DESCRIPTION OF THE TASK> Word for word, restate the lines of the listing below from the line with "Schuttle Discovery (STS-31)" through the line with "A circus scene with Hello Kitty", and do not include the pictures.

RECORD EXTRACTS>
=== Begin Enclosure ===

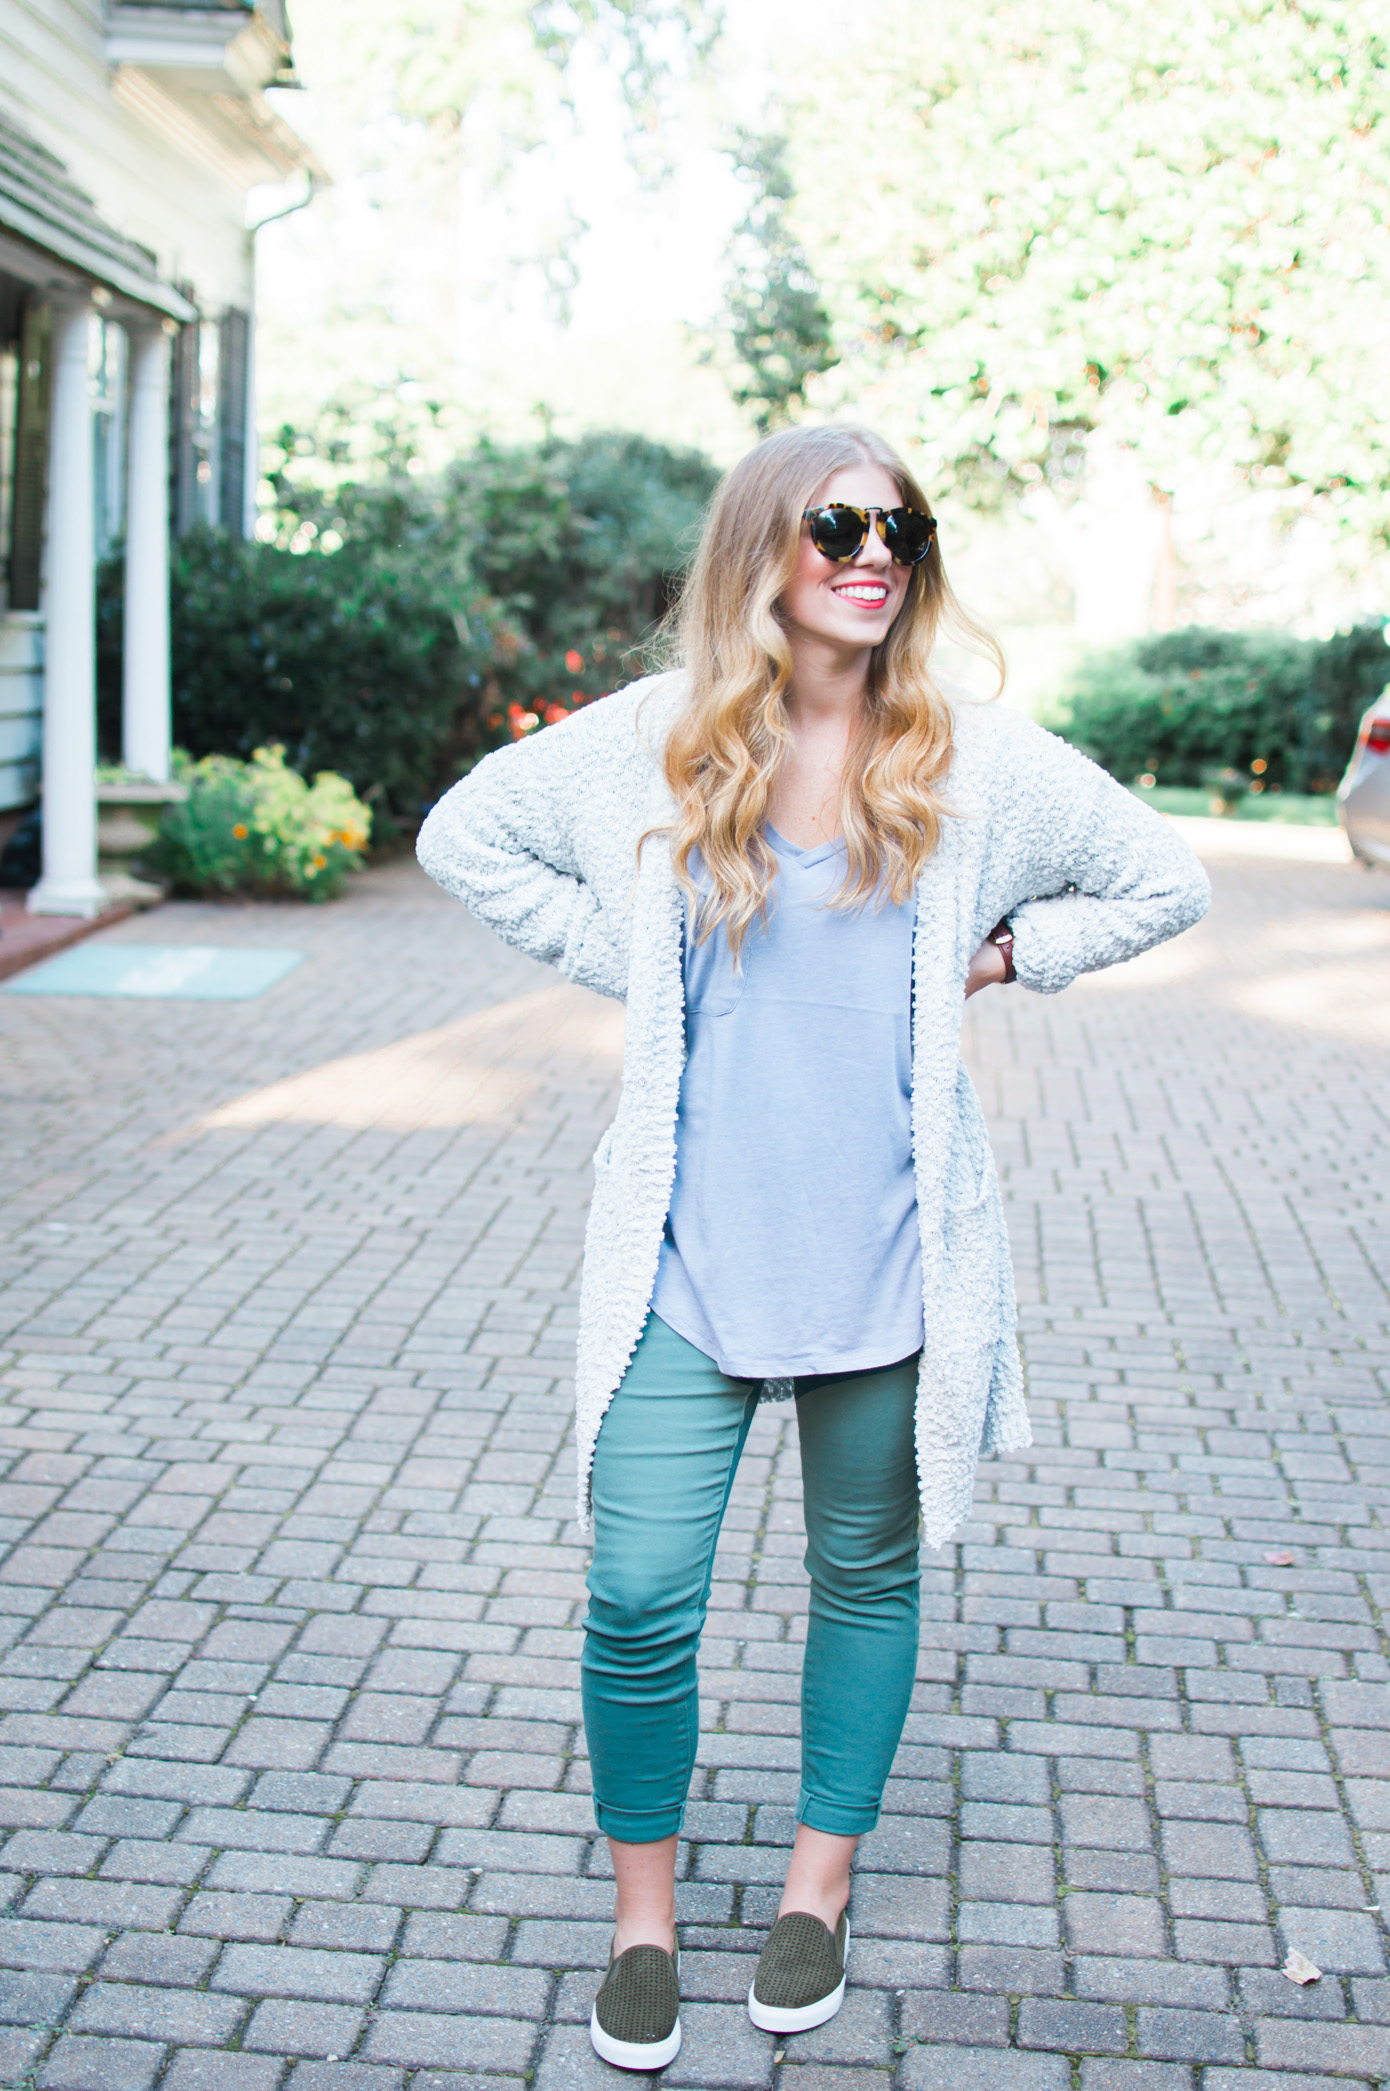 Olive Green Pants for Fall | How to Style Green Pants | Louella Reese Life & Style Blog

=== End Enclosure ===
=== Begin Enclosure ===

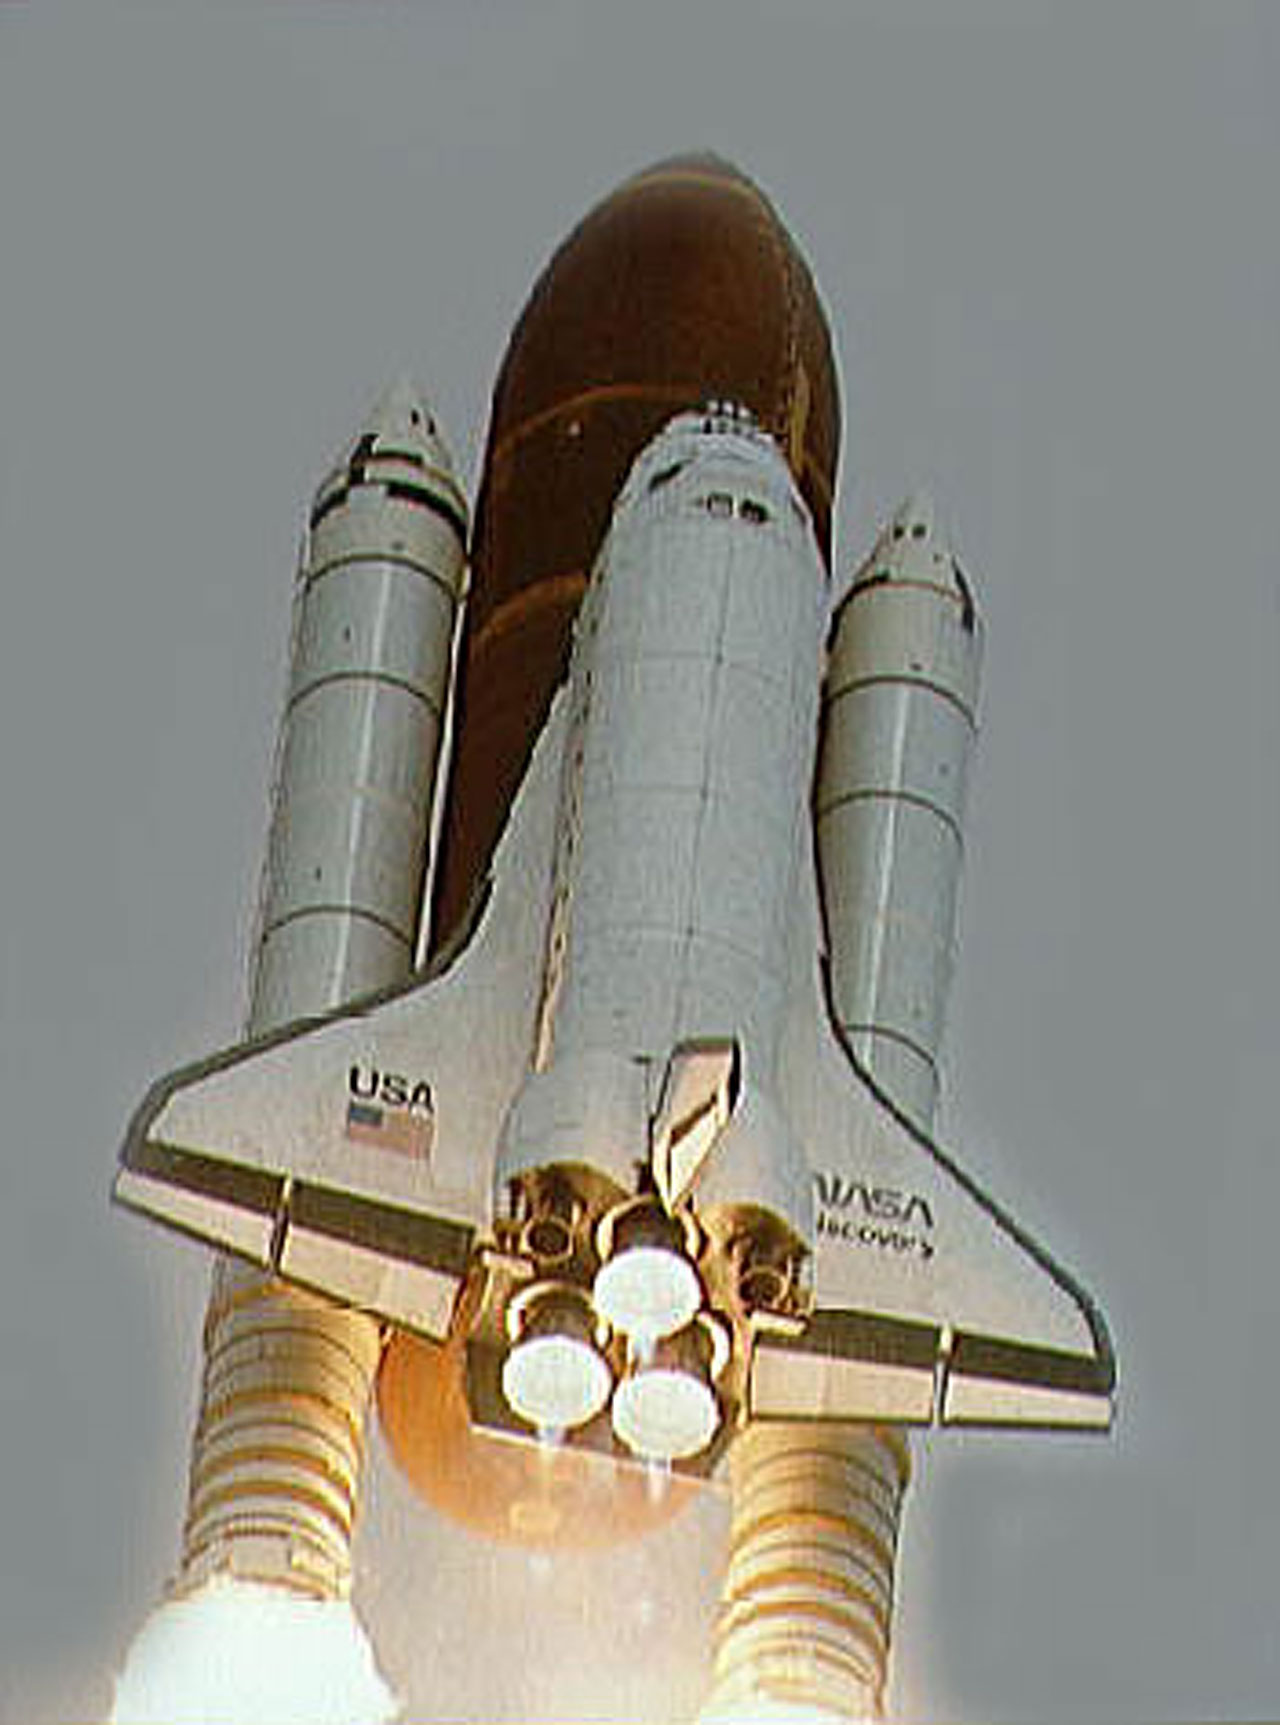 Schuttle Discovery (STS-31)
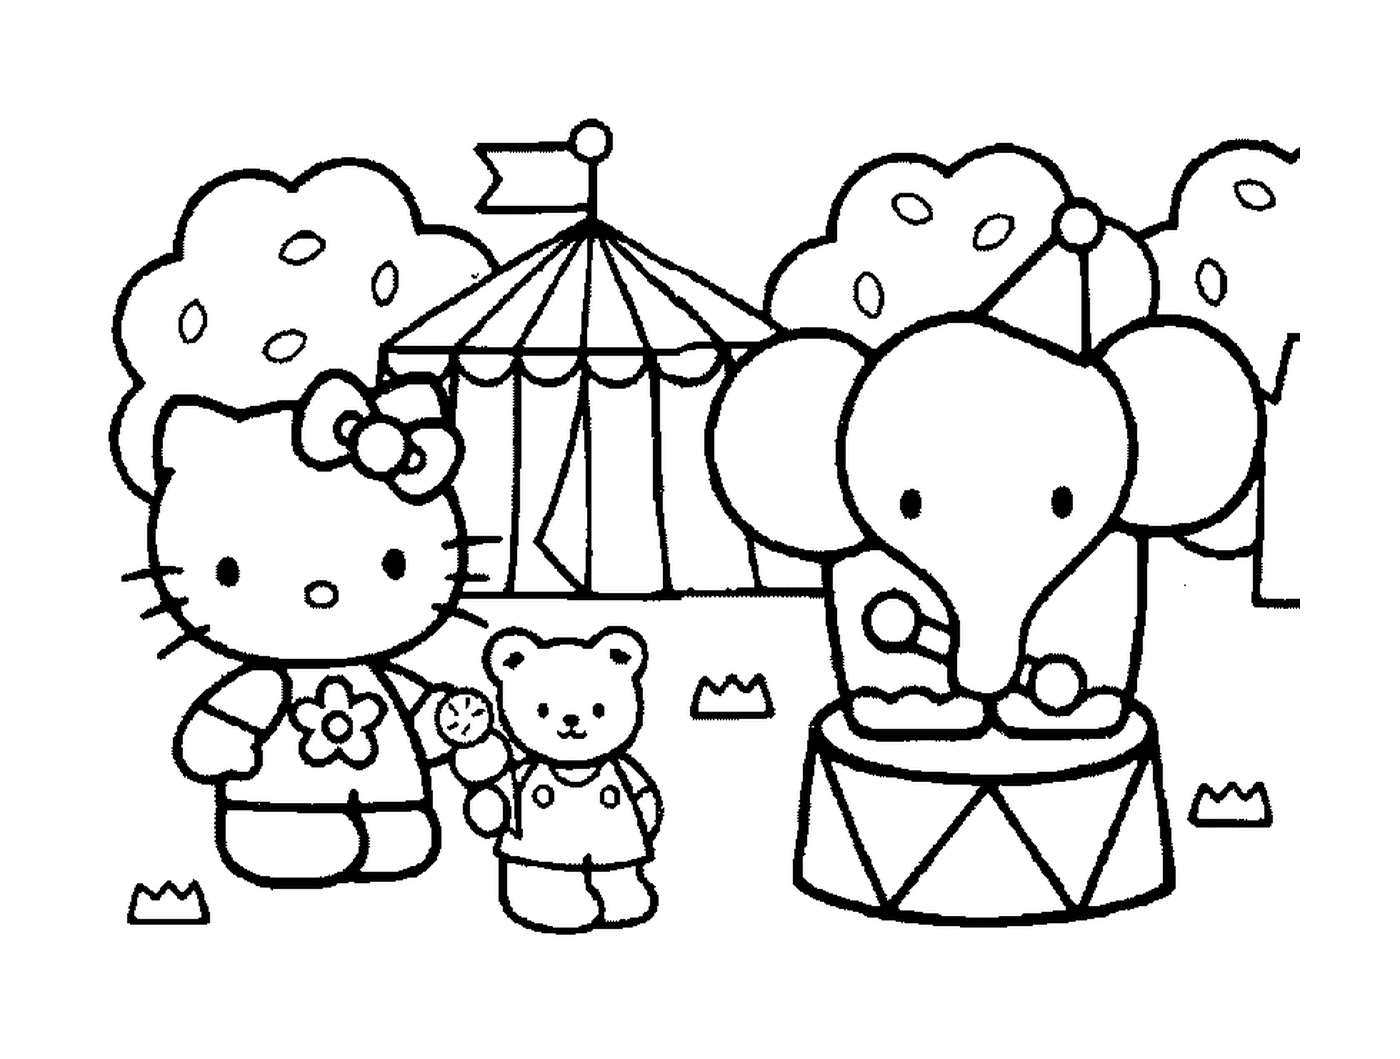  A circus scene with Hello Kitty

=== End Enclosure ===
=== Begin Enclosure ===

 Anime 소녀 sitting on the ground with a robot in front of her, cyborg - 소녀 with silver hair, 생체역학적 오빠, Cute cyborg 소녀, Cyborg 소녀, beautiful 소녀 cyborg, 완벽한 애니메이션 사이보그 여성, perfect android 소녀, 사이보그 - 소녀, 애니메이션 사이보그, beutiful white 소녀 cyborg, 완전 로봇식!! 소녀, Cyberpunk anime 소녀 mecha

=== End Enclosure ===

YOUR RESPONSE>
 Schuttle Discovery (STS-31)
  A circus scene with Hello Kitty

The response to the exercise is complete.